今ならば、あの時の涙の意味がわかる。リトにとって僕は……光だったのだ。
「君は旅をしていると聞いた。これを……報酬だと思って受け取ってくれないだろうか? 決して大きな額ではないが、せめてもの私の気持ちだ」
シャイドさんが取り出したのは、グリセス討伐の報酬の倍はあろうかという金額のお金だった。
「いえ、けっこうです」
僕はそれを手で制する。
「受け取れませんよ。そのお金。子供の養育ってお金がかかるものでしょう? それは、リトに使ってあげてください」
「アルフレッド君……」
本当は、喉から手が出るほど欲しい。でも、受け取れない。
僕は決して光なんかじゃない。勘違いをされては……困る。僕は影。お金を受け取らないのは、それを戒めるため。
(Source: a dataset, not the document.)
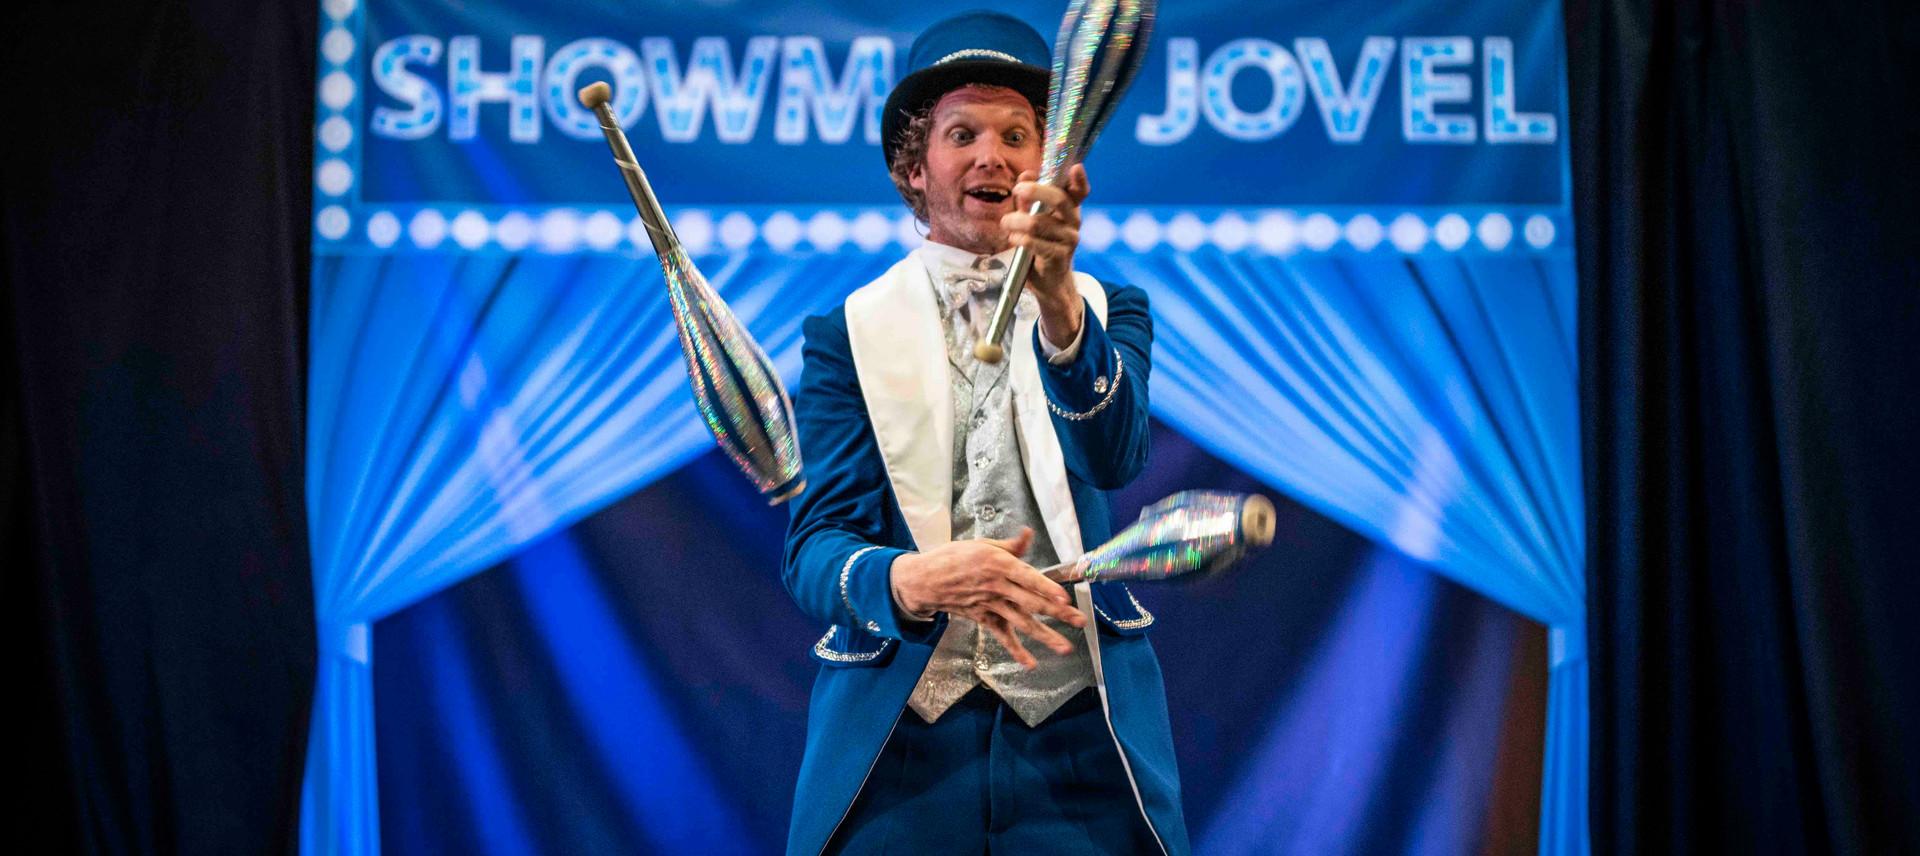 Showman Jovel Jori Veldhuizen entertaine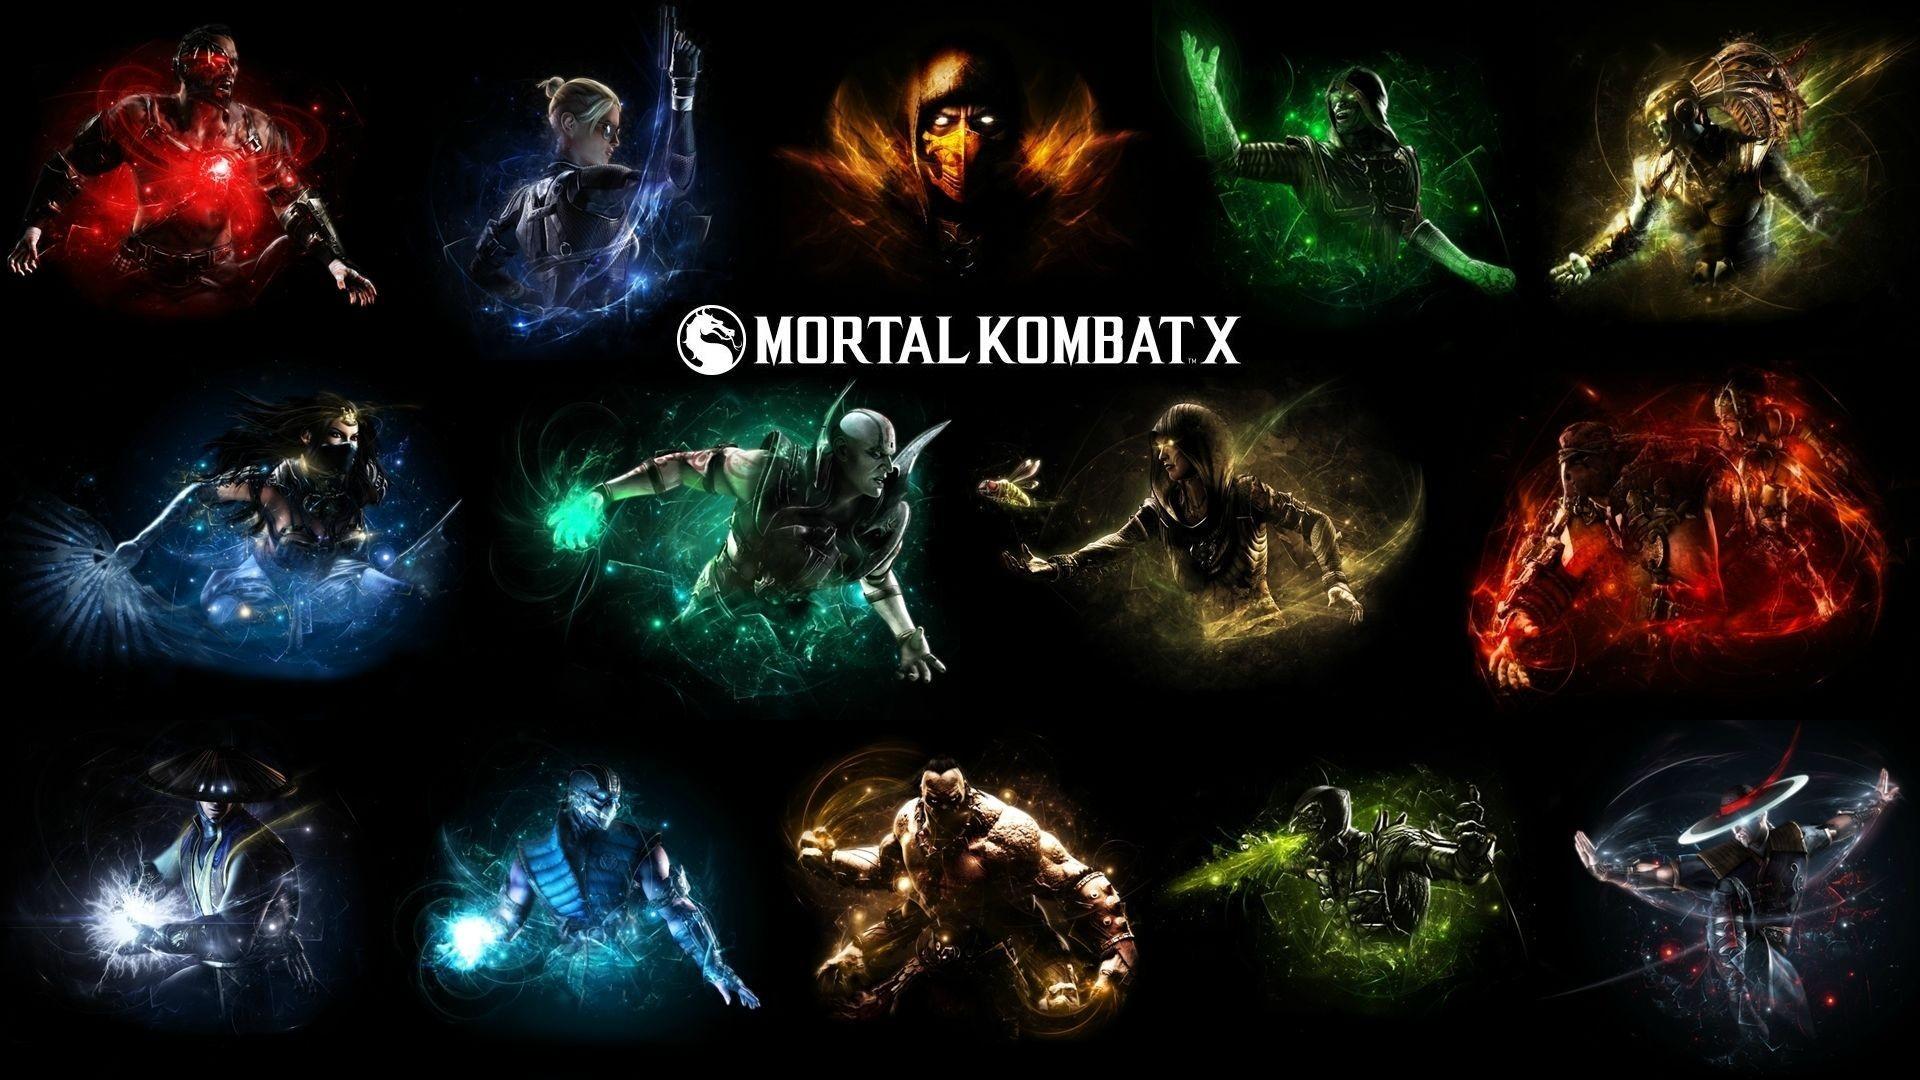 Scorpion Mortal Kombat X 4k Dk Mortal Kombat 11 Wallpaper Hd

無論、リトのためというのも理由の一つではあるが、理由の一つでしかない。
僕は光にはなれない。なってはいけない。
「なら、せめてしばらくここに滞在していってくれないか? 今、君がリトの前から消えたら……あの子はきっと耐えられないだろう。しばらくでいい、もうしばらく、リトの側にいてやってくれ!」
シャイドさんが懸命に頭を下げるのを見て、僕は複雑な気持ちになった。本当はすぐにでもここを発つべきなんだろう。これ以上は情が移る。この数日、リトに振り回されてばかりだったけど、楽しくもあった。リトの笑顔は眩しい……僕にとってもリトは光。けれど駄目だ。光は影を食う。
影は光に食われ……その姿をいつか消す。駄目なんだ、姉さん達の仇を取るまでは……思い出せ、あの日を。姉さん達はどんな風に殺された? どんな最後だった? あいつは……どんな風に笑った? 思い出せ。
僕は立ち止まってはいけない。けれども……旅費がないのもまた事実だ。この街で仕事をしつつ、黄金のヴァンブレイスの情報を集める……その為には……。